Posted by rahrens_1 on July 04th 2011 at 08:43 am
Rob Kirby has a great piece out that looks at the derivatives market and how it relates to gold manipulation. He starts by noting how far off Bill Gross has been, at least to date, on his interest rate calls, where the 10 year has actually decreased instead of a significant increase. The then notes that the large TBTF players must never make mistakes for if they did their derivatives would crush then and likely the entire US financial system also. It would seem these players like JP Morgan are way beyond TBTF.

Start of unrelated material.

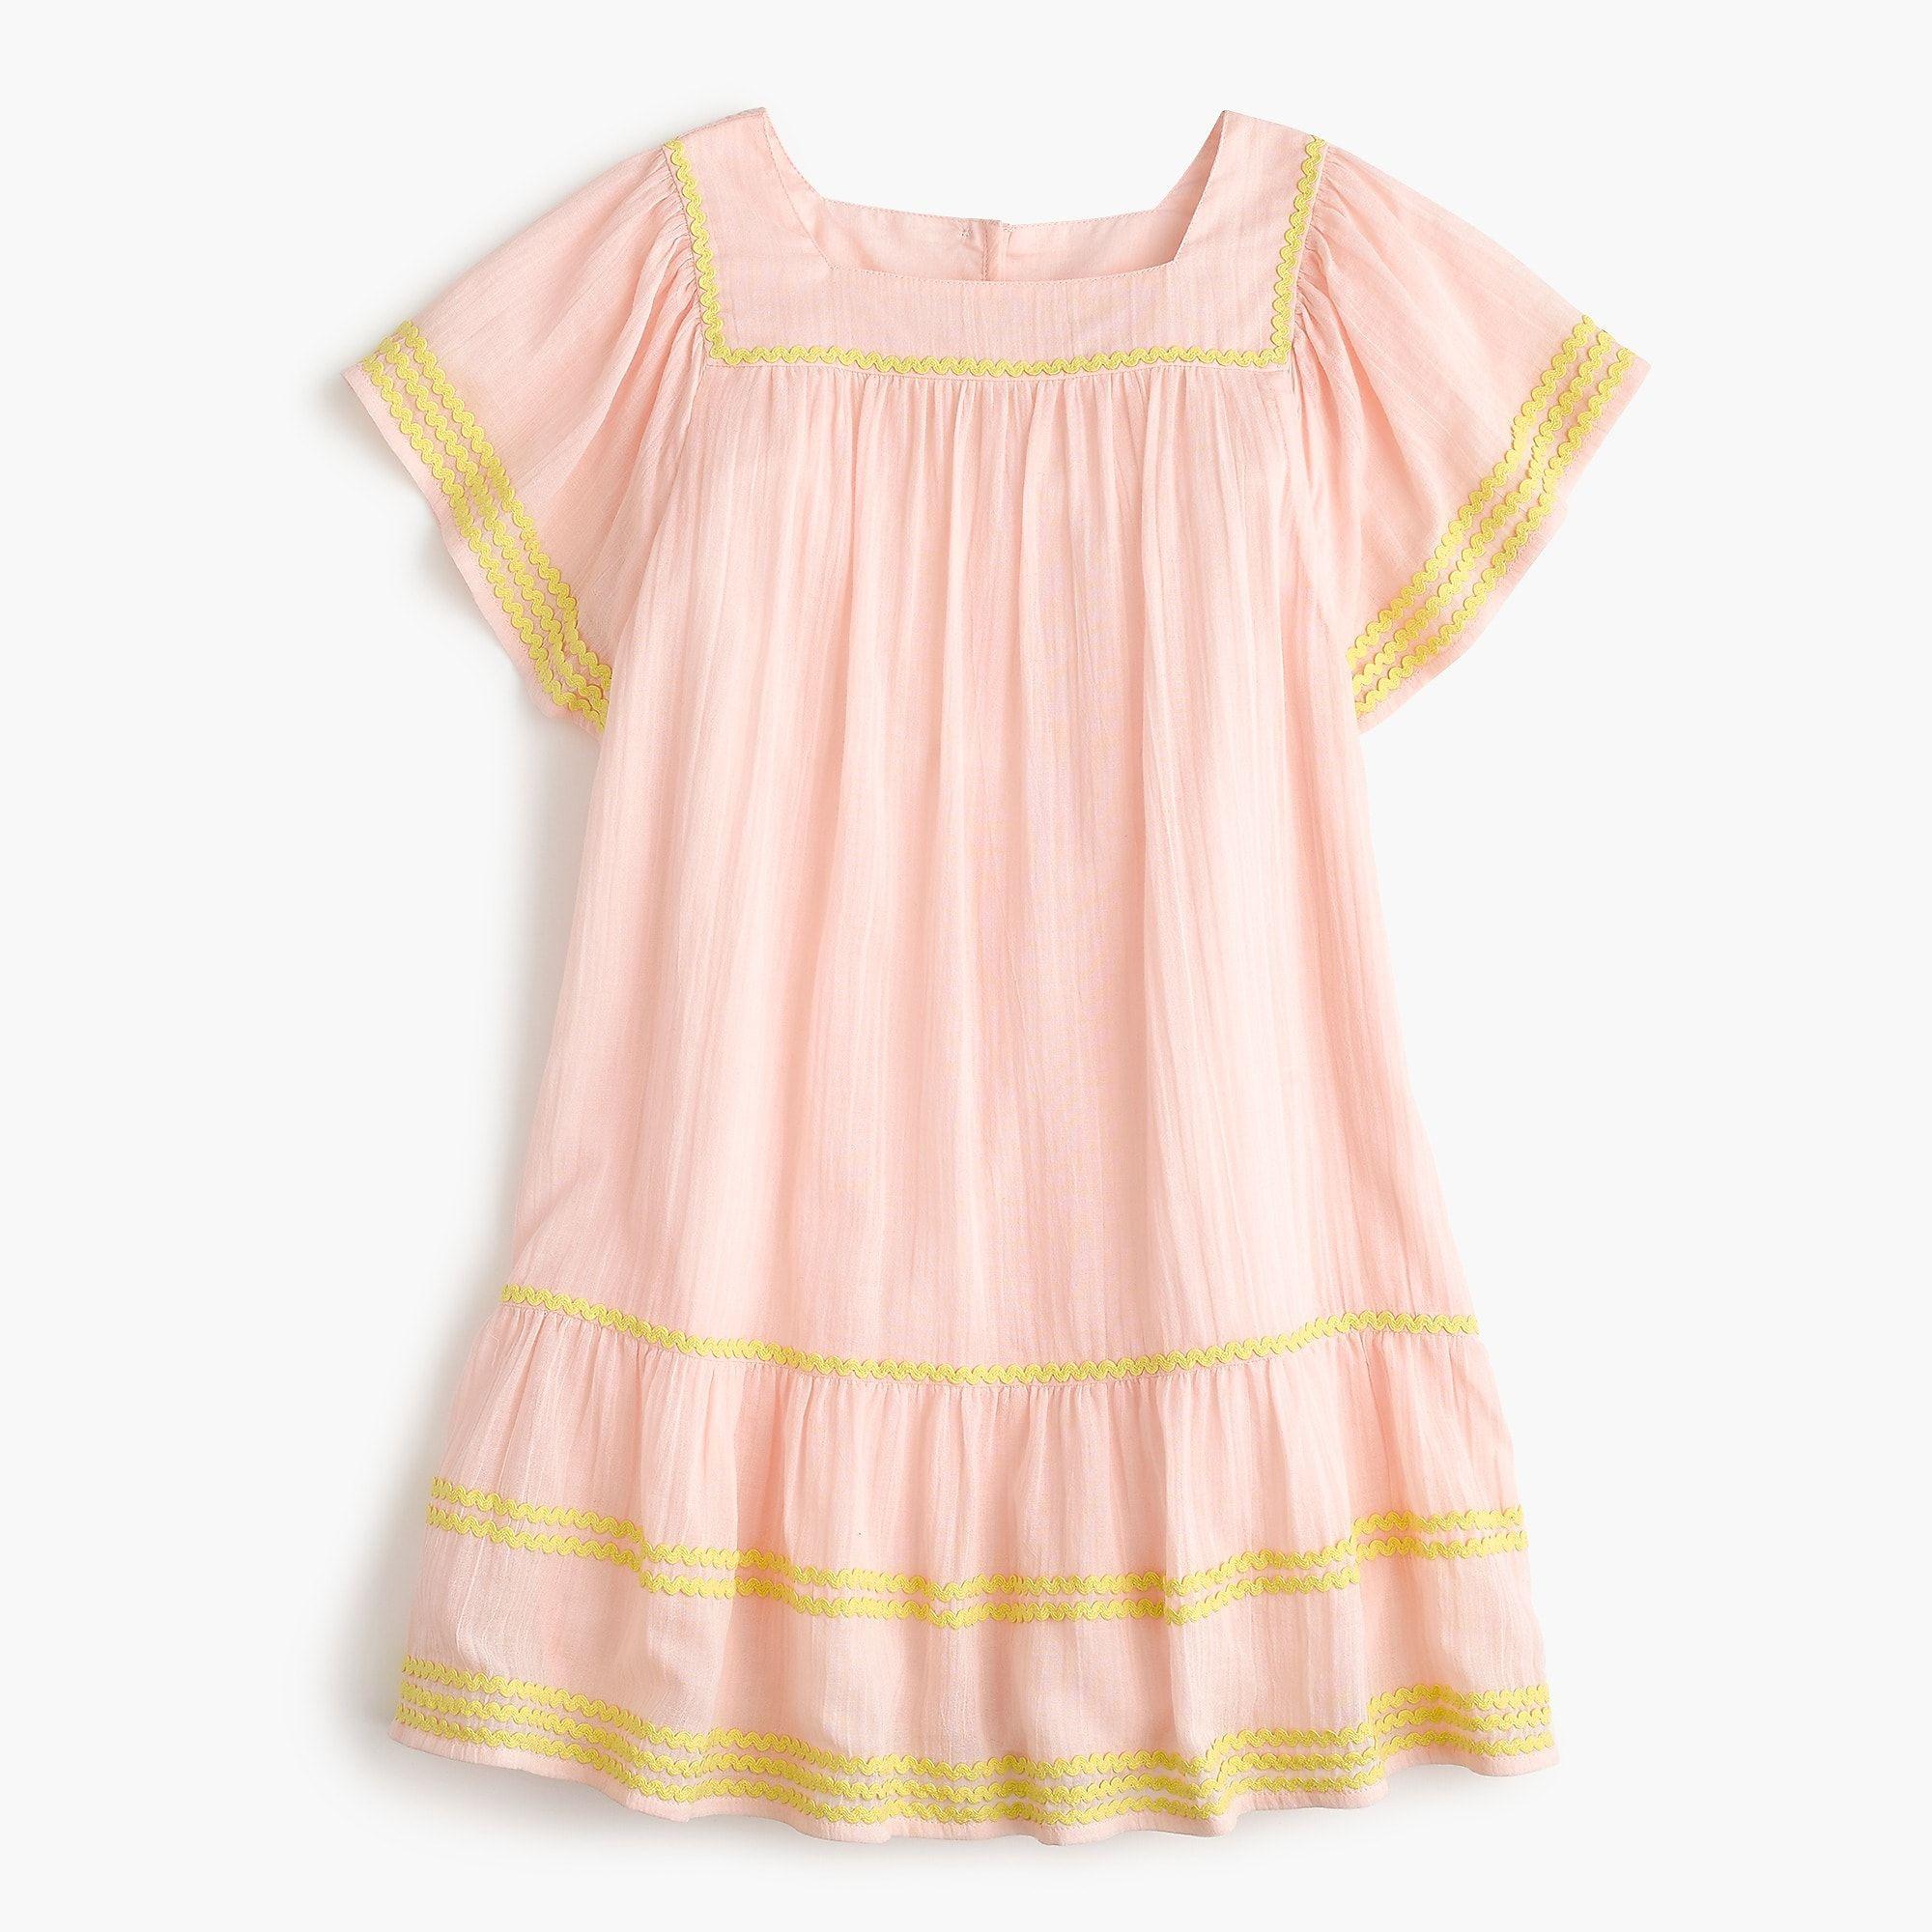 2c79de90d Girls' stretch denim white overall | Kindergarten | Dresses, Toddler ...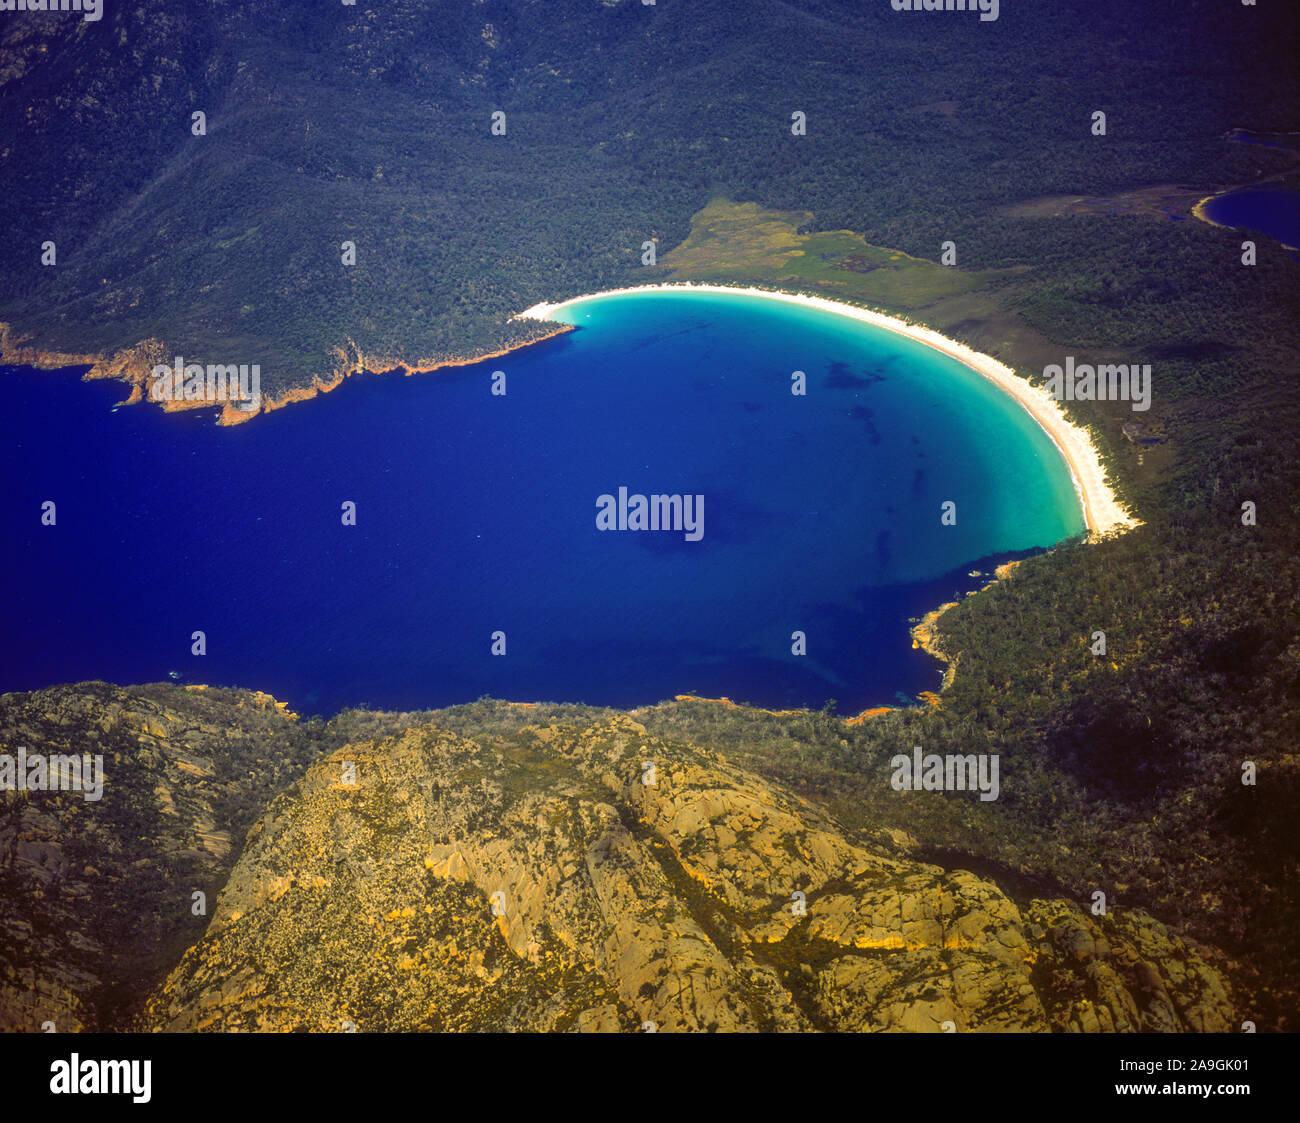 Winegalss Bay View, Freycinet National Park, Tasmania, Australia, Aerial View, Stock Photo

Kirby notes a 2006 Business week article where Bush states:
“President George W. Bush has bestowed on his intelligence czar, John Negroponte, broad authority, in the name of national security, to excuse publicly traded companies from their usual accounting and securities-disclosure obligations. Notice of the development came in a brief entry in the Federal Register, dated May 5, 2006″
He then goes on to note how natural gas prices are 2-3 times lower in North America and how WTI crude is magically less expensive than Brent to the tune of over $16/barrel where historical WTI had been more expensive due to it’s higher grade. The implication is that the US has excreted great control over the financial system and commodities, especially gold to maintain their facade.
As noted by many the best we can hope for is that gold and silver will continue to slowly be allowed to increase but the full value of gold and silver will only be realized with what Jim Sinclair would call a “loss of control” event.